START Information shown

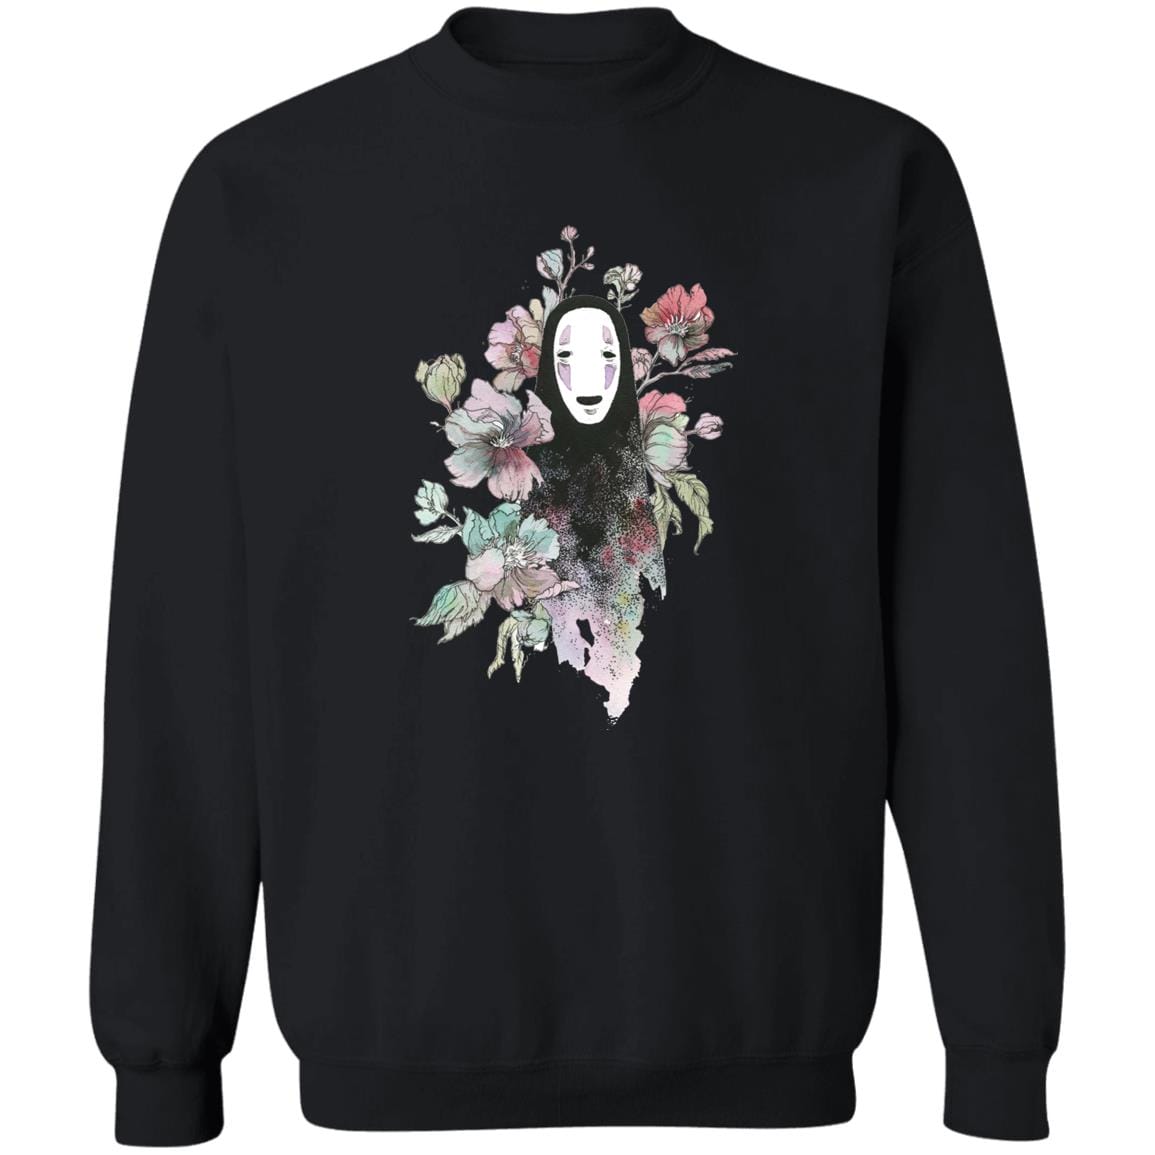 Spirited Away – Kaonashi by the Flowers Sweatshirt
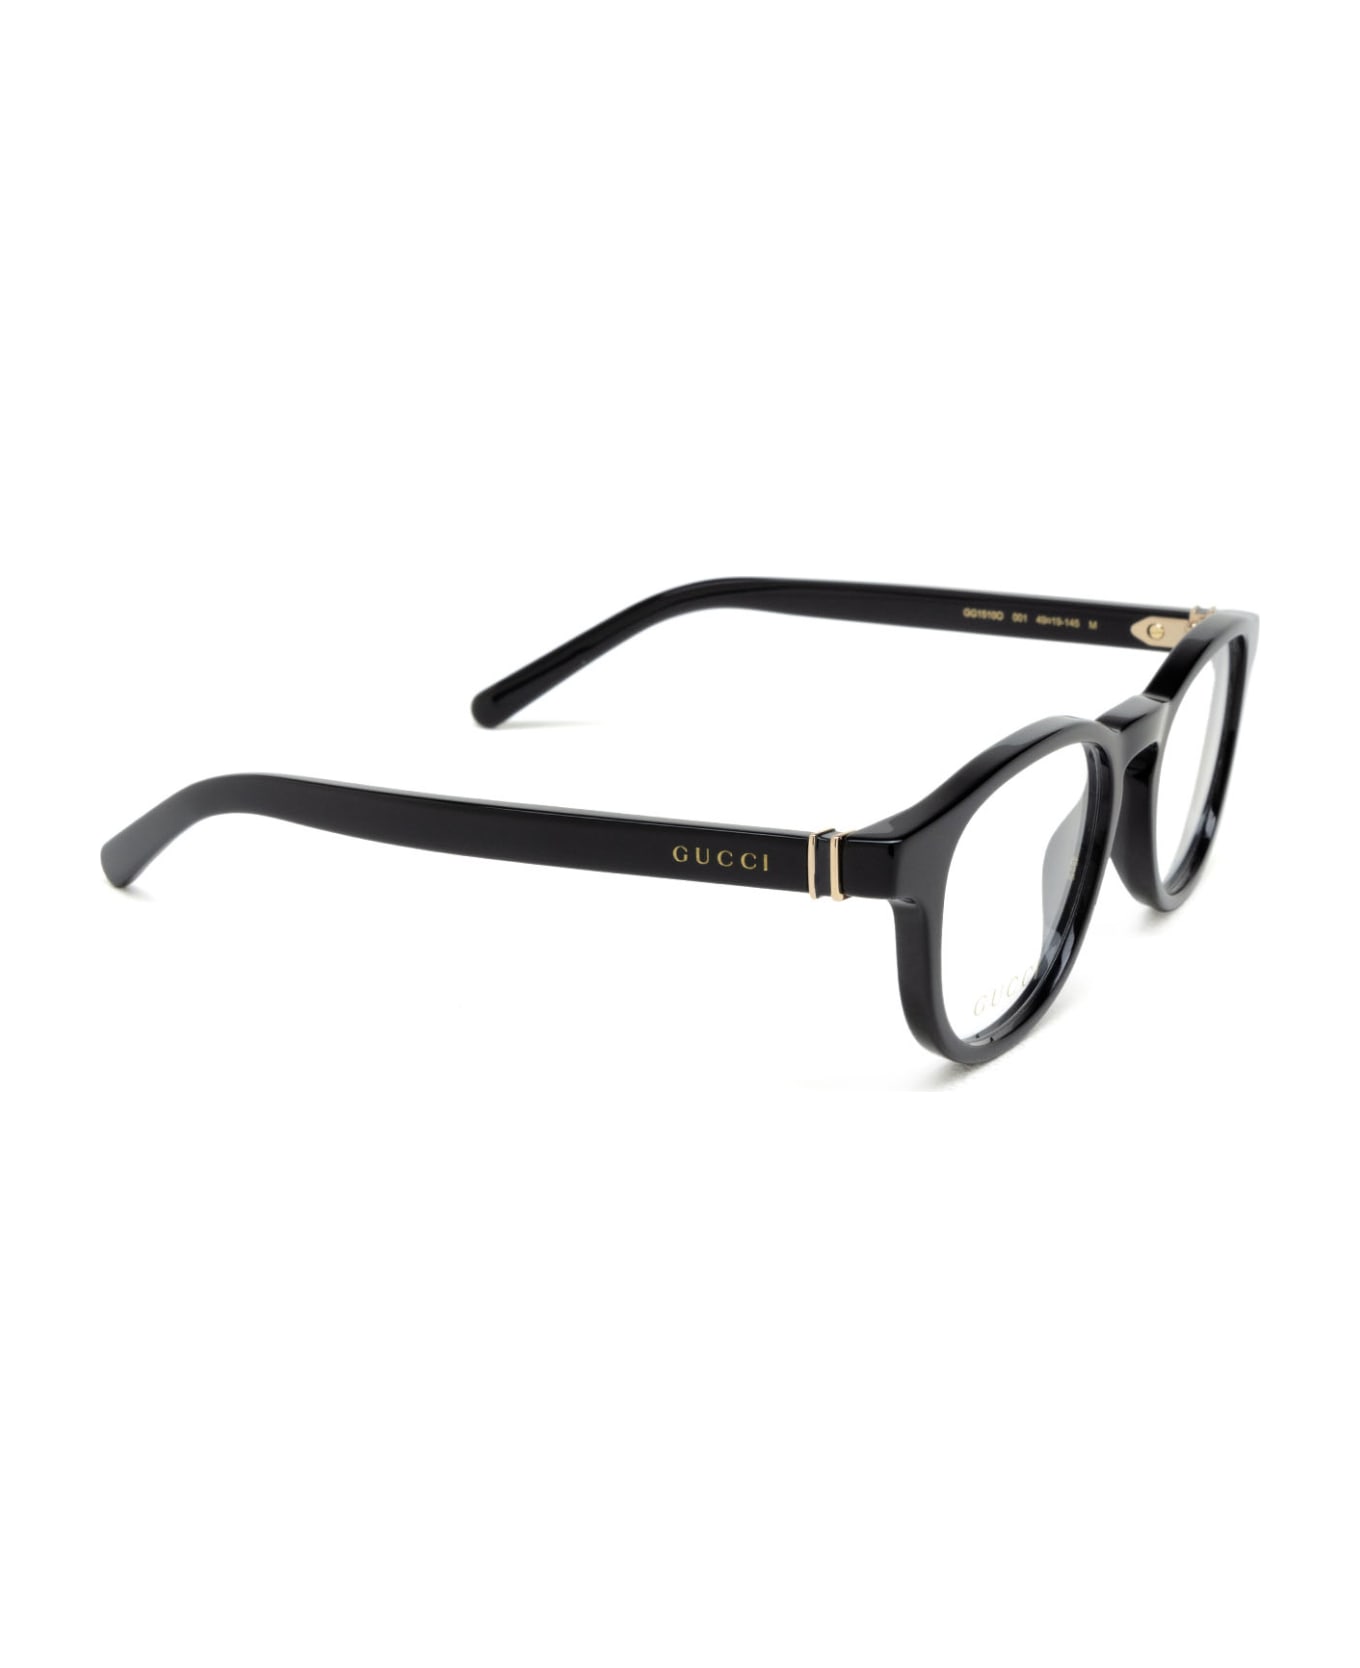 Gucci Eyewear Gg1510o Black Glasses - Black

END Information shown
START Information shown

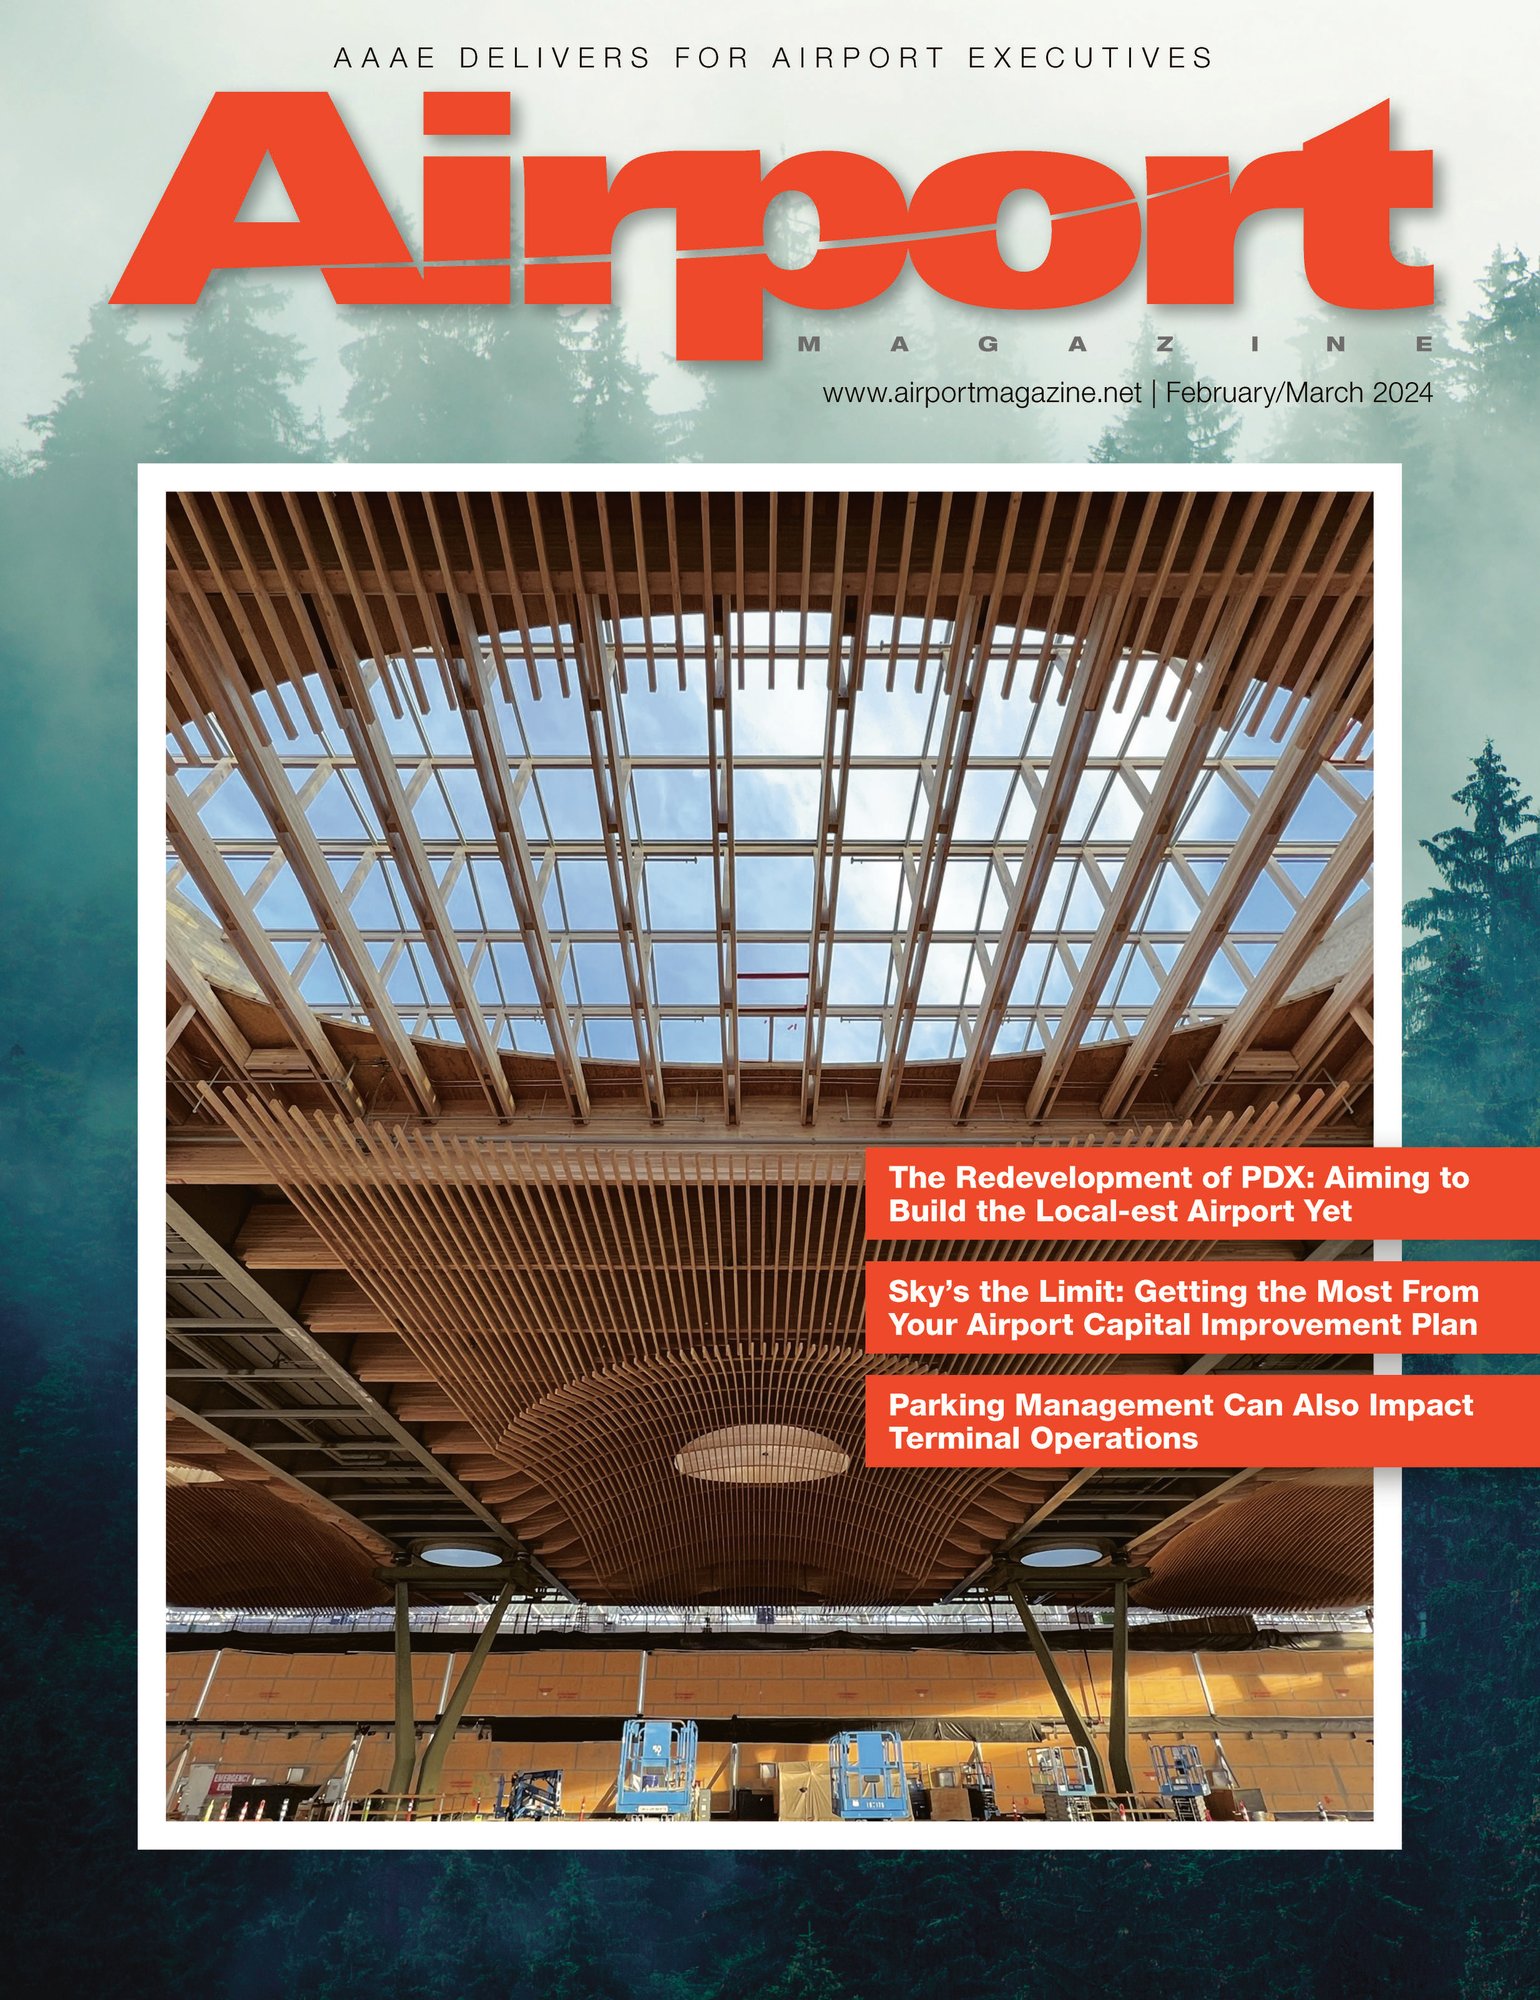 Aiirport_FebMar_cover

END Information shown

### [Work task]
Your reply is to be an exact repeat of the listing above from the line holding "Spirited Away –" down to the line holding "Gucci Eyewear Gg1510o Black Glasses - Black", ends included, pictures excluded.

### [Written answer]
 Spirited Away – Kaonashi by the Flowers Sweatshirt
 Gucci Eyewear Gg1510o Black Glasses - Black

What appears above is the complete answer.